Friday, April 20, 2018

The old adage: No news is good news, bothers me, because for me it is outweighed by another phrase, if you can't say anything nice, don't say anything at all.
This is an odd discovery at 36 years of age, but with everyone and their mom suddenly proclaiming whether or not they're an introvert or extrovert, taking myers briggs tests, and spending hours on buzzfeed answering arbitrary questions to find out what kind of a cake they'd be if they were in fact  a cake, it feels like something worth addressing.

I, like so very many people, struggle with anxiety/depression.

This is the part where you say, "GIANT DUH."

My Beard and I frequently talk about this because he is one who suffers from this too.
Honestly, everyone does. I think there are two conditions to this statement.
1. You are more prone to be anxious or more prone to be depressed and this affects your reactions to stress.
2. You can either manage it alone, or through a variety of wonderful measures (therapy, medication, journaling, long spousal conversations, in-patient care, etc and any combination of these).

Firstly, there is no wrong way to have anxiety/depression.
Secondly, certain environmental factors will nurture a whole population to simultaneously experience heightened symptoms of their condition, however it manifests.

All of this to say, when I am depressed, one of the biggest tells is that I stop writing. I stop reading. I stop talking to people. I retreat because I don't have anything good to say, so I don't feel worthy of talking.

Hello, I am there, guys.

The last six months have been so fraught with illness, storms, and the general fuckery of the world, that I feel like I am drowning.

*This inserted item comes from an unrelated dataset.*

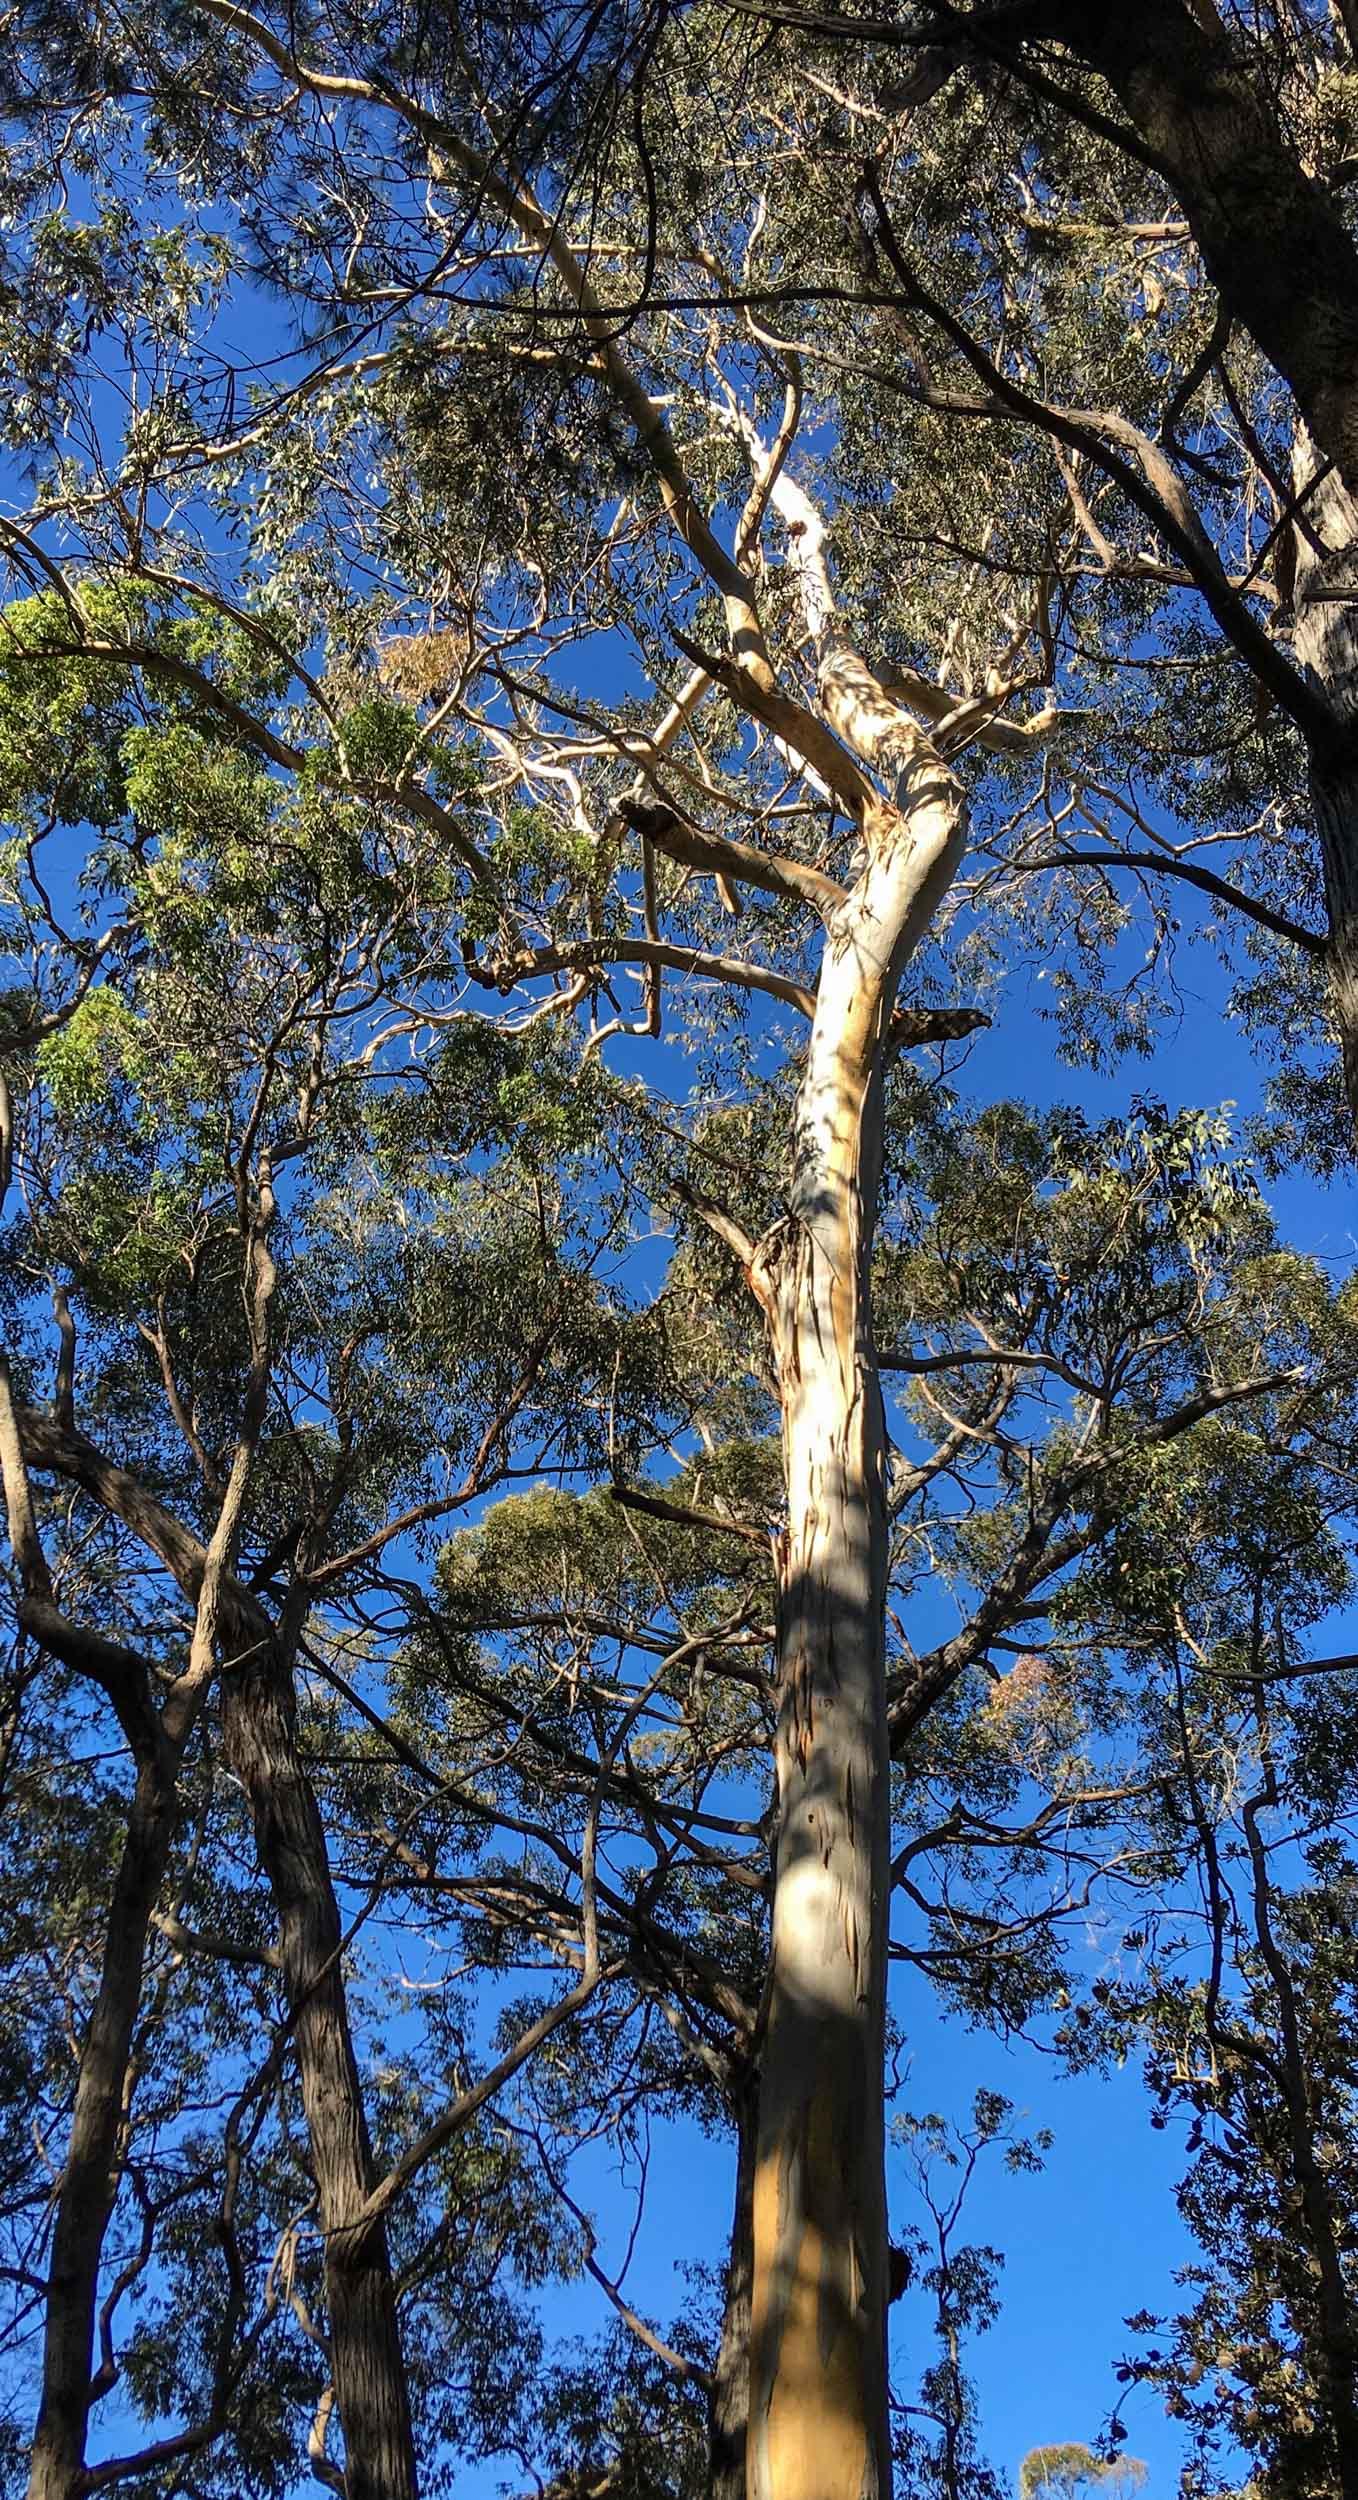 Eucalyptus cypellocarpa

There hasn't been a single holiday since Halloween  that hasn't seen us punished with sickness.
Thanksgiving-Dreadful cold and ear infection for the baby, dreadful cold for Beard, Strep for me.
Bastian's Birthday-another cold for all of us, the baby with a fever high enough to take us to the ER.
Christmas-A norovirus that laid us out for six days.
New years-Another cold
The week after new years-the bomb cyclone that marooned us in Boston and cancelled our trip to see Beard's family.
Early March and Jess's big trip to a Florida writing conference- 2 giant storms, delayed flights, and finally an allergic reaction to a bug bite that landed me in a Tampa emergency room.
(sidenote, I still attended the panel I was on, but I was FLYING on benadryl).
Middlemarch-two more storms, and Bastian hitting his head and passing out for a second which was one of the scariest things I've ever seen.
My birthday (last day of March)/Easter-another stomach virus that laid the whole fam out for 8 days.

And here we are.

I have had many conversations with people about how lucky I am.
I am so grateful for so many things. I know we are beyond fortunate. Things could have been so much worse.

But it's okay that I'm also really struggling.